Seria, igualmente, Fernando Pessoa que na Mensagem, diria: "Sem loucura que é o homem/ Mais que a besta sadia/ cadáver adiado que procria?" Tinham loucura, sim, os homens do Orpheu e o autor disso faz realce ao referir os "suicídios simbólicos de Raul Leal e Ângelo Lima"; porém, nem todos padeceram de loucura orgânica, mas sim de génio, loucura essa que não é compreendida por todos da mesma maneira, como se verifica ao longo do livro de E. Lisboa. Talvez seja necessária uma centelha da mesma loucura para que seja possível compreendê-los e amá-los.
A forma como refere os suicídios dos homens do Orpheu não me parece a mais cavalheiresca, talvez porque ao autor lhe falte "o genuíno brilho e a eloquência de articulação." Porém, eu estou de acordo com Agostinho da Silva quando disse: "Fernando Pessoa morreu atropelado por Portugal." (1) Cito, a propósito, o que escrevia Raúl Brandão na revista A Crónica em homenagem a Columbano (pintor injustamente pouco estimado): "Em Portugal (...) o público odeia todos os seus grandes homens, não perdoa a quem quer que se eleve acima da banalidade comum," (2) e, ainda, no Mosteiro, de Agustina B. Luís (pp.293): "Os que nascem perfeitos têm que andar medianos, senão todos acabam por lhes abrir a cova e preparar o laço."

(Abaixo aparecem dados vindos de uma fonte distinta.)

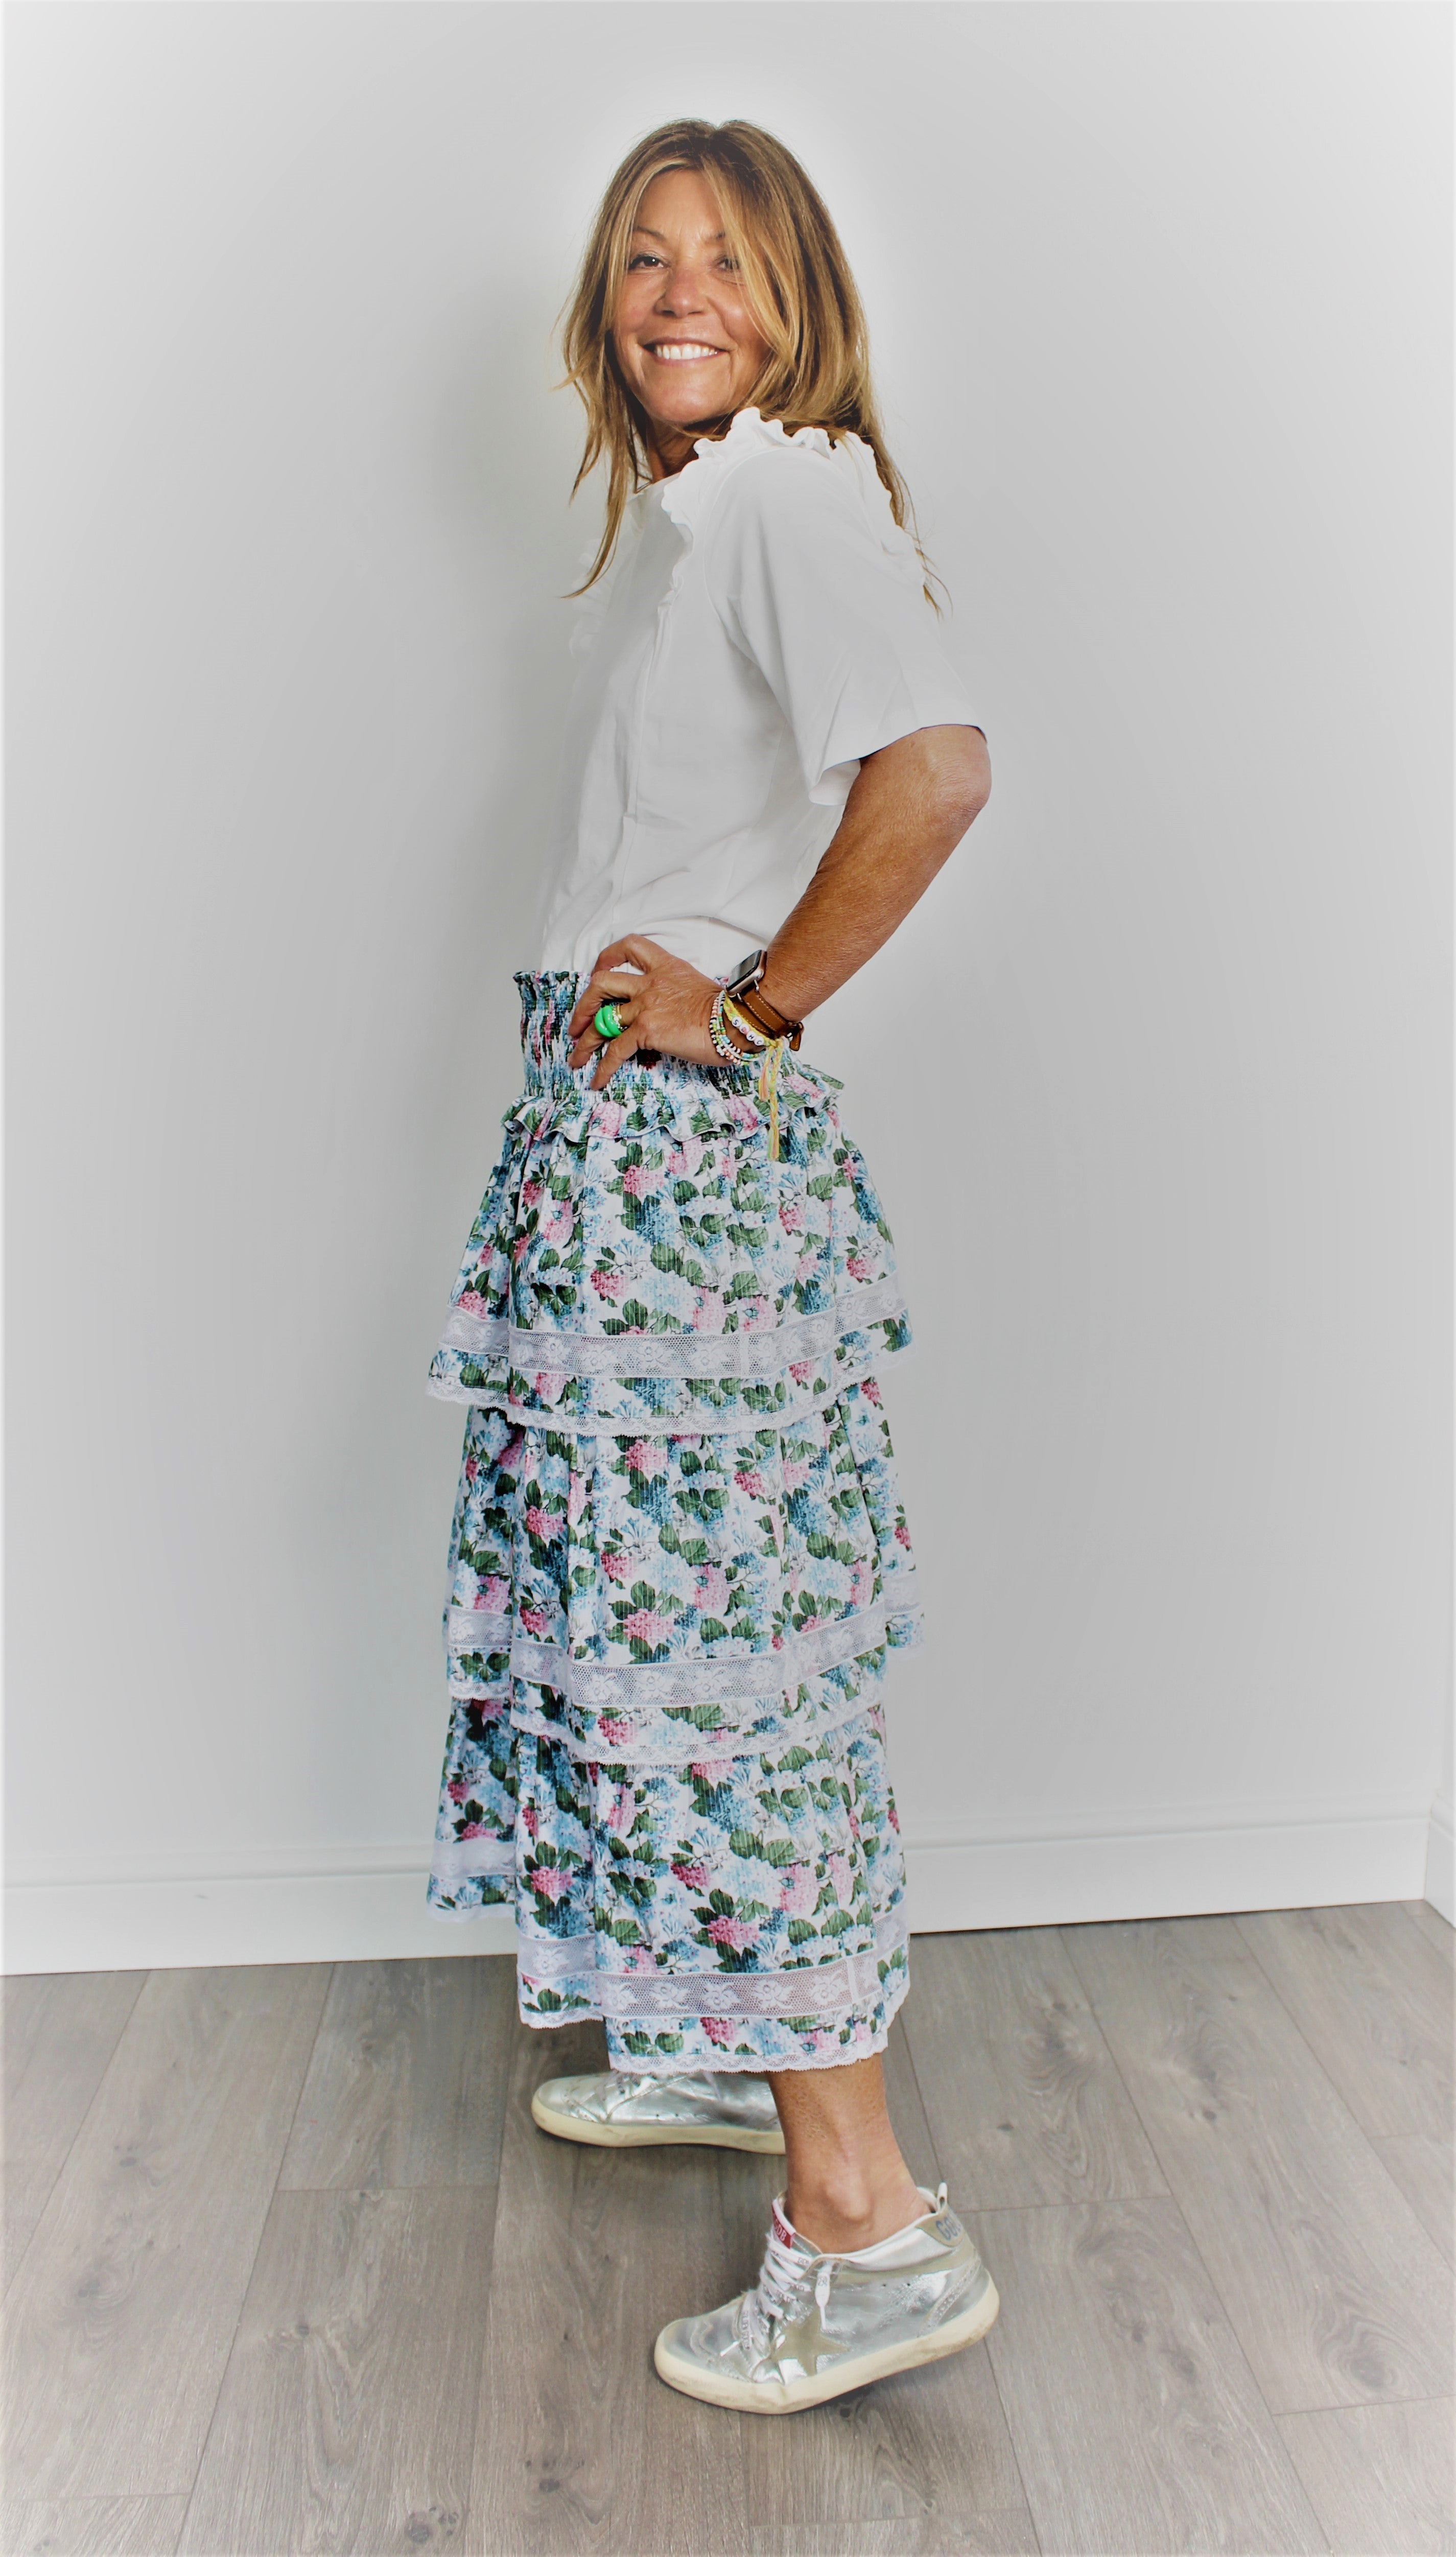 Loretta Caponi Flavia floral-print skirt

Os homens do Orpheu nasceram perfeitos, a sua independência, a sua audácia e coragem ainda hoje nos surpreende! Porque sentiram pressões de toda a ordem, uns não suportaram, outros remeteram-se ao "silêncio e à renúncia", deixando sim uma vasta obra por publicar, não conseguindo impor-se, como refere o autor, não pelos motivos que realça, mas sim porque reconheceram que para construir a obra em que estavam empenhados não podiam sofrer mais vexames e se remeteram ao silêncio e à banalidade, para poderem sobreviver e ganhar a vida, pormenor esse que não é referenciado: o problema financeiro com o qual os homens do Orpheu se debateram. Outra lacuna que encontro nesta obra é a referência quase única aos textos insertos na revista Portugal Futurista, assim como às contradições que a dado passo verifiquei: Por um lado, o primeiro modernismo era totalitário, arrogante, provocativo, não pedagógico, tinham o culto do novo, negavam o passado; por outro lado, o autor constata que existiam "pontes que os ligavam ao passado. (...) Rio profundo da tradição clássica que irriga a obra de Pessoa." Em Sá-Carneiro um "certo esteticismo dos fins do século passado e princípios deste, com a sua alquimia verbal." Sobre Almada, que o autor ao longo do livro vai desfeiteando, acaba por reconhecer que no Nome de Guerra, há uma ponte que o une a Garrett das Viagens na Minha Terra, assim como uma "certa tradição da literatura popular" (Albano Nogueira). Afinal, o que acabei por verificar é que os homens do Orpheu, com a sua obra, reuniram aquelas condições implícitas nas palavras de Eliot. Foram verdadeiros "criadores" na acepção da palavra, e como dizia Régio: "distâncias, há-as, sim, entre os artistas verdadeiros e os pseudo artistas, os criadores e os imitadores." Eles foram "artistas verdadeiros" e "criadores" de uma literatura de futuro; "esse futuro de então - é o nosso presente", como diz Teolinda Gersão.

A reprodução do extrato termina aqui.